10-10-2017, 12:27 PM
Broadcast is an important application in wireless networks, eg. for video transmission, file distribution or event notification. The wireless nodes are powered by battery, their useful life depends on the energy consumption. Therefore, energy efficiency is an important metric when designing broadcast protocols on wireless and wireless networks.
Game theory has been used in the analysis of resource management in telecommunication networks for at least 20 years. As game theory has traditionally been applied to economic problems, it is not surprising that one of its first applications in telecommunications was in the study of pricing. In the early 1990s, researchers used game theory to propose new pricing strategies for Internet services. In the same decade, game theory models were developed for non-economic problems in networks, such as flow, admission and congestion control. By the late 1990s and early 2000s, game theory was being applied to wireless networks. As interest in decentralized wireless networks grew, so did the use of game theory models to help us understand and predict the performance of complex wireless systems that can not be completely modeled using traditional optimization tools. As radios are capable of more sophisticated adaptations, the assumptions of game theory models become a better match for future wireless networks. Game theory is, after all, multi-agent decision theory, modeling rational agents, maximizing utility whose actions affect the other's profits. Game theory has also captured the popular imagination, with the help of John Nash's biography, Sylvia Nasar's A Beautiful Mind (not to mention the Hollywood film adaptation of the book). Today, even researchers who are not directly involved with game theory are familiar with their basic concepts, such as Nash equilibrium, and some toy examples, such as the prisoners' dilemma. But game theory extends far beyond these, with numerous Nash equilibrium refinements and different types of cooperative and non-cooperative games, each with its own set of assumptions and results about the existence of equilibrium and the convergence of algorithms distributed to such equilibrium.
Game theory has been used in the analysis of resource management in telecommunication networks for at least 20 years. As game theory has traditionally been applied to economic problems, it is not surprising that one of its first applications in telecommunications was in the study of pricing. In the early 1990s, researchers used game theory to propose new pricing strategies for Internet services. In the same decade, game theory models were developed for non-economic problems in networks, such as flow, admission and congestion control. By the late 1990s and early 2000s, game theory was being applied to wireless networks.

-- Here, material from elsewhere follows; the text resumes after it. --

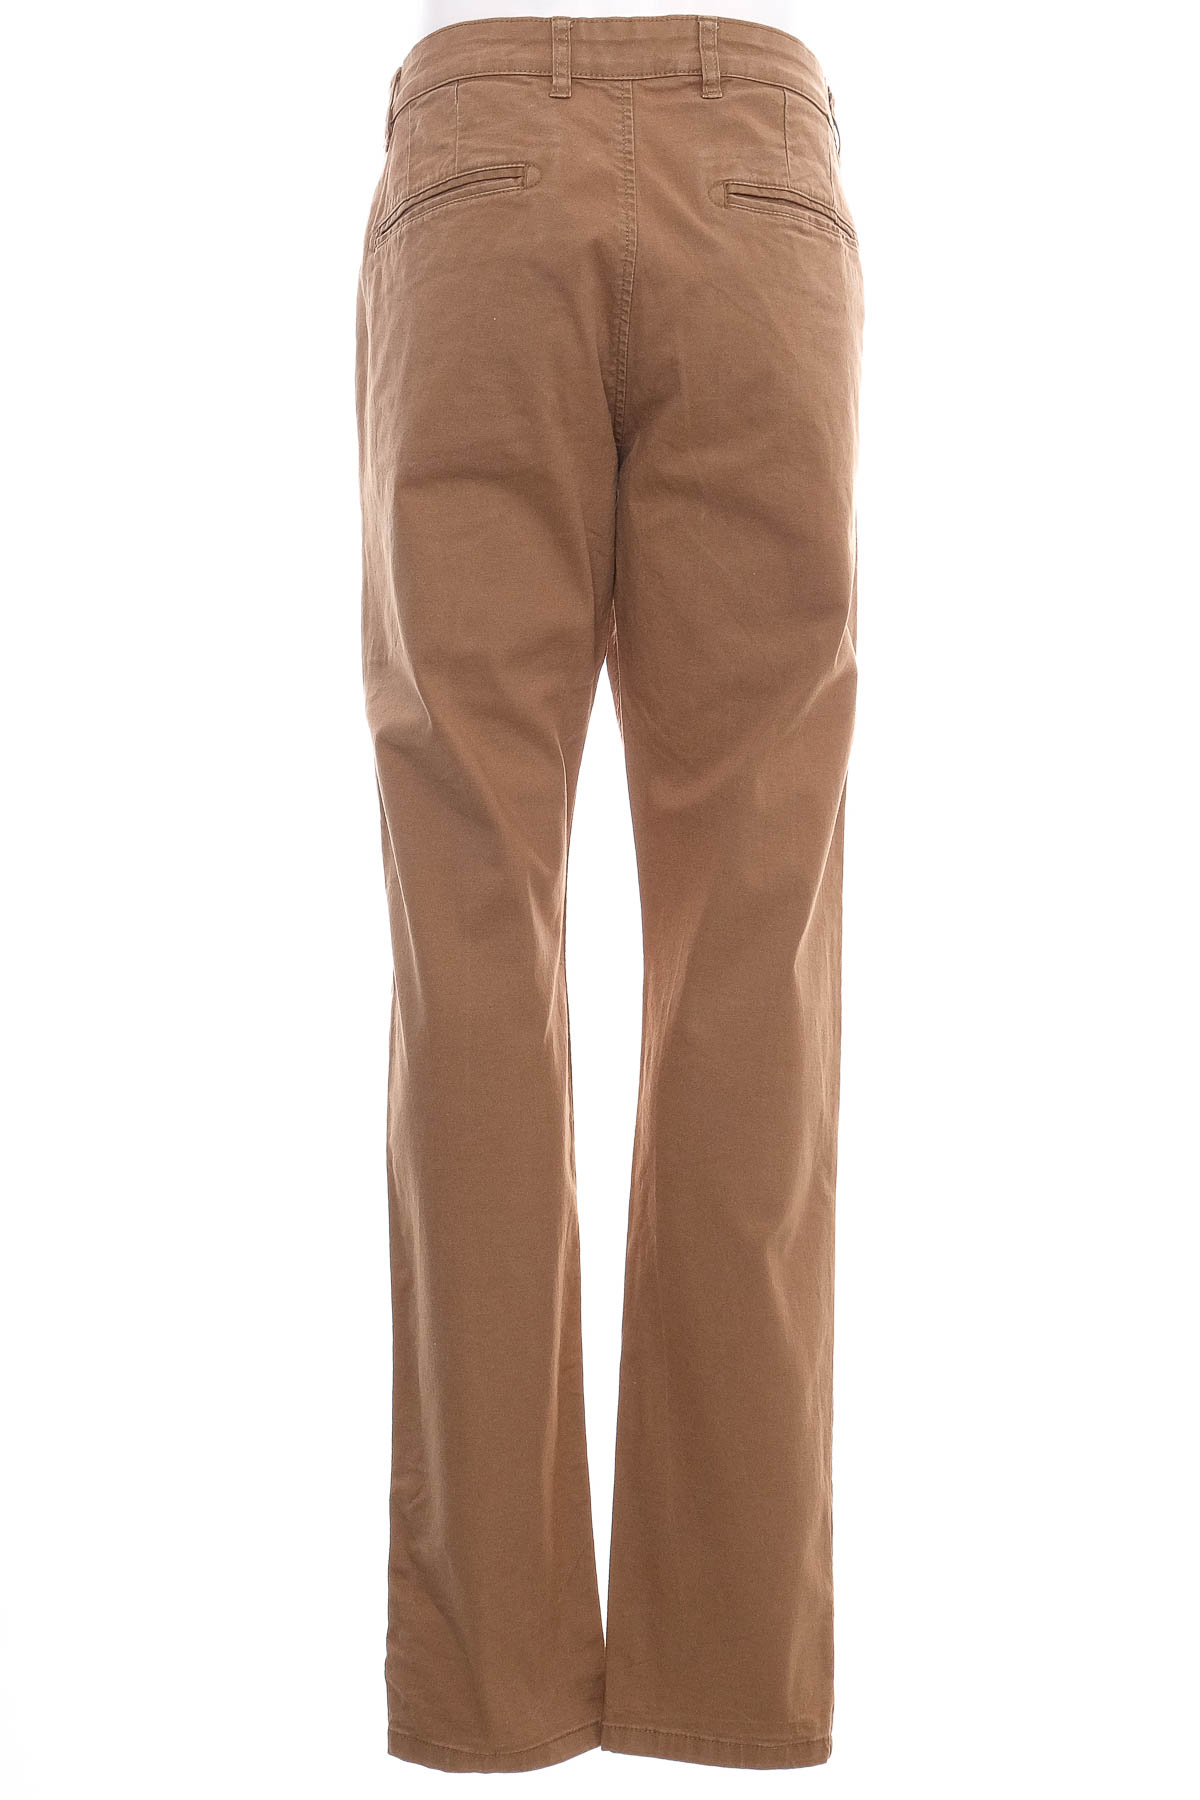 Men's trousers - ESPRIT Denim - 1
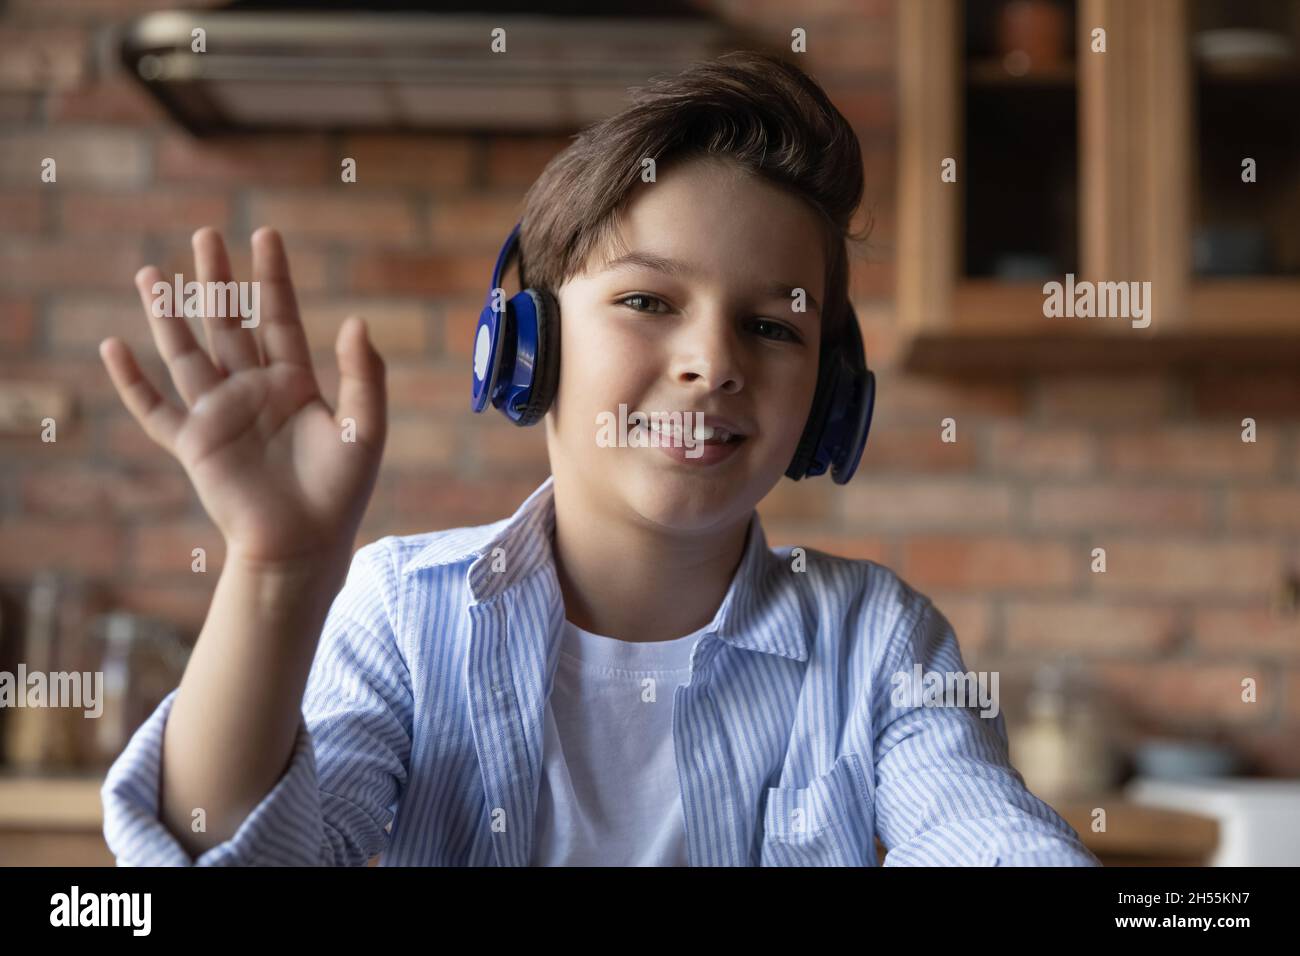 Junior school age boy in headphones wave hand to webcam Stock Photo

As interest in decentralized wireless networks grew, so did the use of game theory models to help us understand and predict the performance of complex wireless systems that can not be completely modeled using traditional optimization tools. As radios are capable of more sophisticated adaptations, the assumptions of game theory models become a better match for future wireless networks. Game theory is, after all, multi-agent decision theory, modeling rational agents, maximizing utility whose actions affect the other's profits. Game theory has also captured the popular imagination, with the help of John Nash's biography, Sylvia Nasar's A Beautiful Mind (not to mention the Hollywood film adaptation of the book). Today, even researchers who are not directly involved with game theory are familiar with their basic concepts, such as Nash equilibrium, and some toy examples, such as the prisoners' dilemma. But game theory extends far beyond these, with numerous Nash equilibrium refinements and different types of cooperative and non-cooperative games, each with its own set of assumptions and results about the existence of equilibrium and the convergence of algorithms distributed to such equilibrium.